At the Oregon Holocaust Memorial

by Steve Dodge

It’s a quiet place where they planted the Oregon Holocaust Memorial. There, at the edge of Portland’s Washington Park near the Rose Test Garden and Japanese Gardens, the trees whisper in the breeze while birds call out amid the occasional whoosh of a passing car.

At the Town Square I take in the bronzed artifacts, real period objects symbolizing the items dropped by people as they were hustled off to concentration camps, many never to return. There is a bent menorah, someone’s eyeglasses, and a broken suitcase. Most poignant, though, are the children’s items – a baby’s boot, a discarded doll, a well-loved teddy bear.

As I walk from the square towards the memorial past narrow granite slabs, which symbolize the train tracks that took millions to their doom, two little girls and their mother visit. Mom sits on a shady bench as the girls wheel and play on their tricycles in an innocent game of chase, one calling out “I’m going to get you!” After a while, the mother gathers up her kids and all walk quietly through the memorial, pausing at each black slab a few moments before leaving.

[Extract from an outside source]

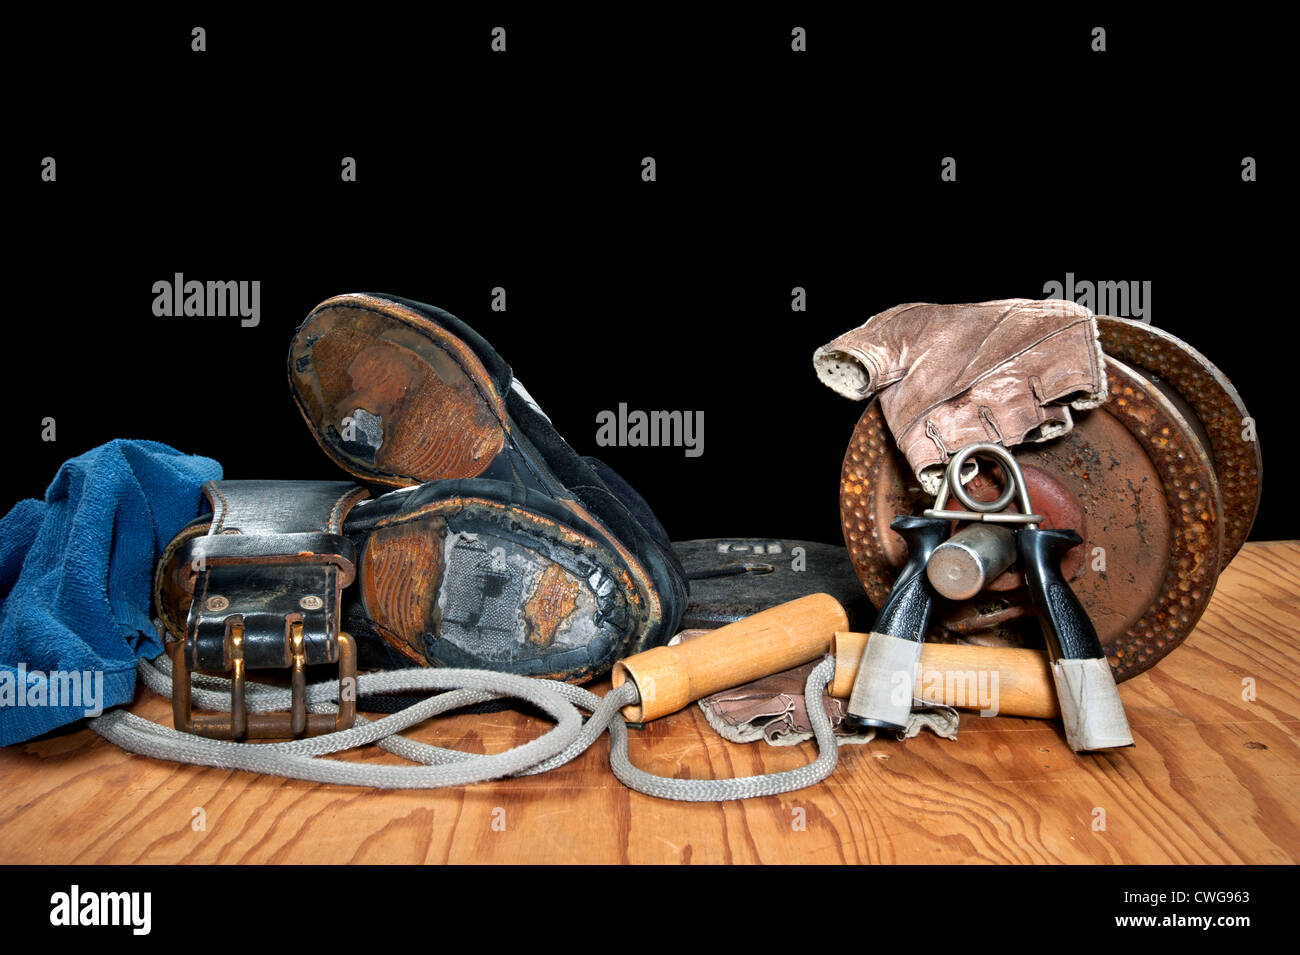 A collection of old exercise equipment including hand grips, dumbell, jump rope and old, torn weightlifting shoes. Stock Photo

I have already read the panels, contemplated the quotes from survivors in brass, and paused reflecting on the “killing camps” where Jews, homosexuals, the handicapped, political and religious dissidents, basically those considered enemies or undesirables, were systematically put to death. Here, at a bend in the wall, buried below in a small handmade wooden box, is enshrined soil, with bits of human bone and ash from each of the camps, gathered personally in Poland and Germany by Oregon survivors.

After the girls and their mother leave I am back on the Town Square bench alone with my thoughts. I note a towering Sequoia tree, one of the longest living things known, just to the right of the memorial’s Wall of Names, and I think “how appropriate.”

It occurs to me that I am at once an outsider and a member of the family. For no one except the survivors and their families can ever fully understand the pain, the loss, and the suffering wrought by the Nazi genocide. Yet the voices, the photos, the sheer overwhelming outrage of what took place touches you, challenges you to try to understand and, perhaps more importantly to stare unblinking into the face of the beast and shout with the rest of the civilized world “Never Again!”

As I look at the abandoned suitcase from my bench in the Town Square, a spider spinning a web on the edge of the sculpture catches my attention. At home I never harm spiders, often capturing them and releasing them outside. But I have a strong desire to kill this one, because here it reminds me of what the Nazis did. Then I think I should just leave it alone, and it flashes in my mind “just like the others who stood by and did nothing.” I stand up, deciding finally to remove the spider with a stick, but when I get there, I realize it is just an old cobweb blowing in the wind. I sweep that away with the stick and sit back down pondering these strange emotions.

As I rise to leave, the wind picks up in the trees causing shadows to play with sunlight across the memorial.